Enterprises have embraced generative AI with high expectations – new business insights, automated agents, real-time decision-making. What many got instead are failed proofs of concept, fragile prototypes, ballooning infrastructure costs, and a sobering realization: AI, at scale, is harder than anyone wants to admit.
A recent study by S&P Global found that nearly 46% of executives are abandoning AI initiatives before they even reach proof-of-concept. The “pilot paralysis” problem is widespread and widely reported with staggering and consistent findings. In August 2025, an MIT report made headlines, finding 95% of generative AI pilots at companies are failing.
Most of today’s AI failures aren’t because models don’t work. They fail because teams are trying to force AI into infrastructures that were never built to support it. These AI pilots are misaligned from day one. They have vague goals driven by experimental enthusiasm, “let’s see what we can do” rather than being tied to measurable business outcomes. Teams obsess over models instead of workflows, pipelines, and deterministic code.
Too often pilots demo well but fail to integrate well with other systems. The infrastructure to operationalize these AI-driven initiatives simply doesn’t exist. Traditional data stacks were optimized for tabular data and batch analytics. They weren’t designed to handle context windows, semantic routing, retries, or LLM inference in the loop. So, engineering teams do what they’ve always done: duct-tape a fragile set of scripts and services together.

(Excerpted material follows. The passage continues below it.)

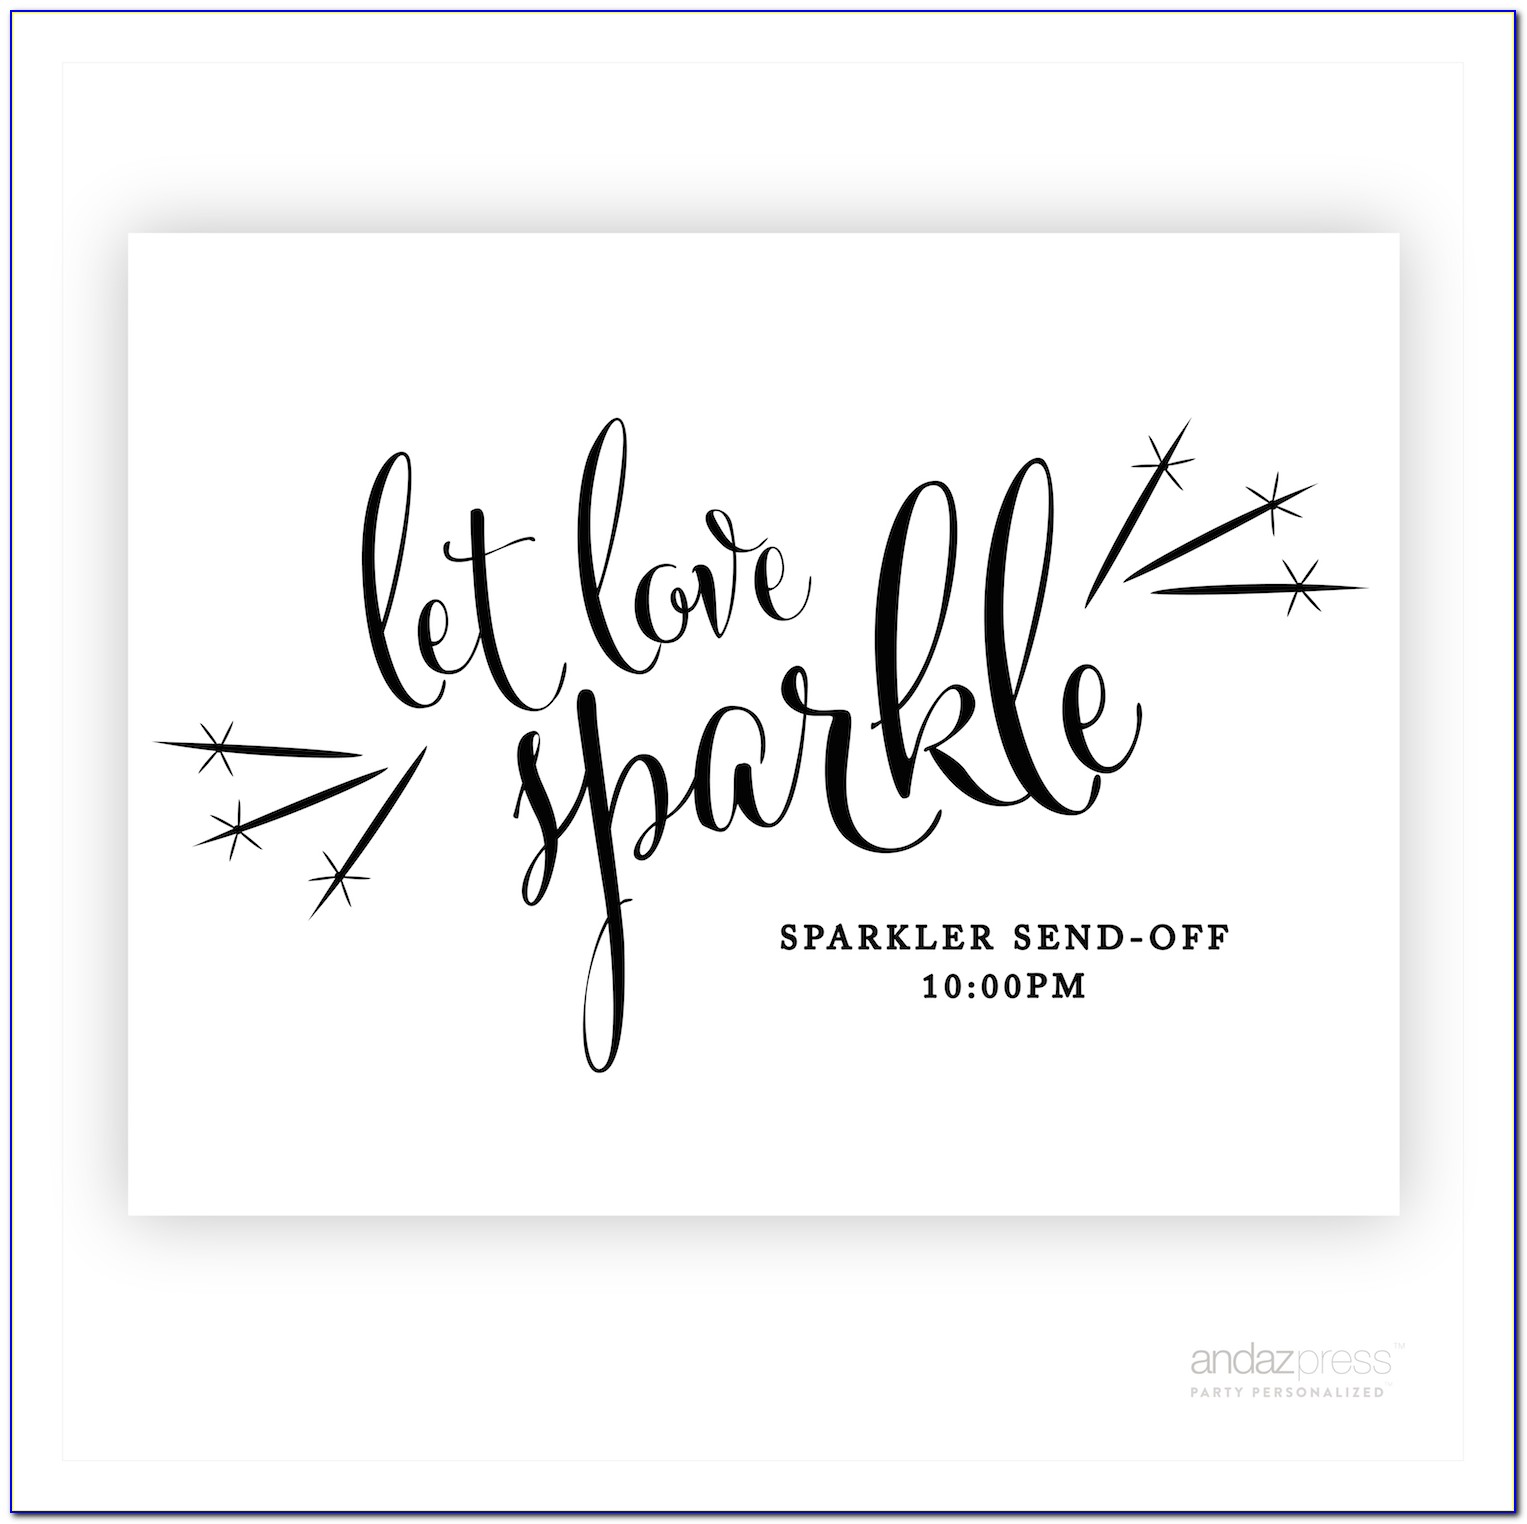 Ap10245 Andaz Press Wedding Party Signs, Formal Black And White, 8.5 Inch X 11 Inch, Mr. & Mrs

The result? Inference pipelines that break at scale, can’t be debugged, and never reach production. And when nothing ships, fatigue sets in. Engineers burn out. Executives cut budgets. Another AI initiative goes back on the shelf.
The Way Out: Infrastructure Built for Inference
What separates the 5% of AI pilots that succeed from the overwhelming majority that don’t?
Successful projects are anchored to KPI’s and real business metrics such as reduced post-call QA time or faster document processing. They don’t boil the ocean but instead begin with one narrow use case, iterating on it to make it as bulletproof and deterministic as possible – only then expanding to other business scenarios. They’re designed with production and operationalizing AI in mind – evals, tracing, observability, and human-in-the-loop where needed.
To achieve this winning strategy, teams need to stop bolting AI onto legacy systems and start treating AI as a first-class workload and inference as the new transform. New AI data infrastructures and data engines like Typedef are purpose-built for scalable, deterministic AI pipelines that integrate directing with your existing stack. Teams can build, deploy, and scale production-ready AI workflows – deterministic workloads on top of non-deterministic models – without the complexity and strain of managing infrastructure.
- No fragile glue code – Instead, clean APIs and semantic operators
- No operational mystery – Built-in observability, retries, and batch orchestration and durable context artifacts
- No pilot purgatory – Move from idea to production in days, not quarters
From Fatigue to Flow
With the structure and reliability provided by these nw AI-native data engines to power inference-first workloads, engineering teams can do what they do best: ship things that work, that scale, and that deliver business value.
If your team is feeling stuck, burned out, or disillusioned with the state of their AI initiatives, the time is now to rethink your supporting infrastructure to ensure it’s built from the ground-up to handle modern AI-native workloads at scale.
It’s time to stop building prototypes—and start building for production (where ROI lives).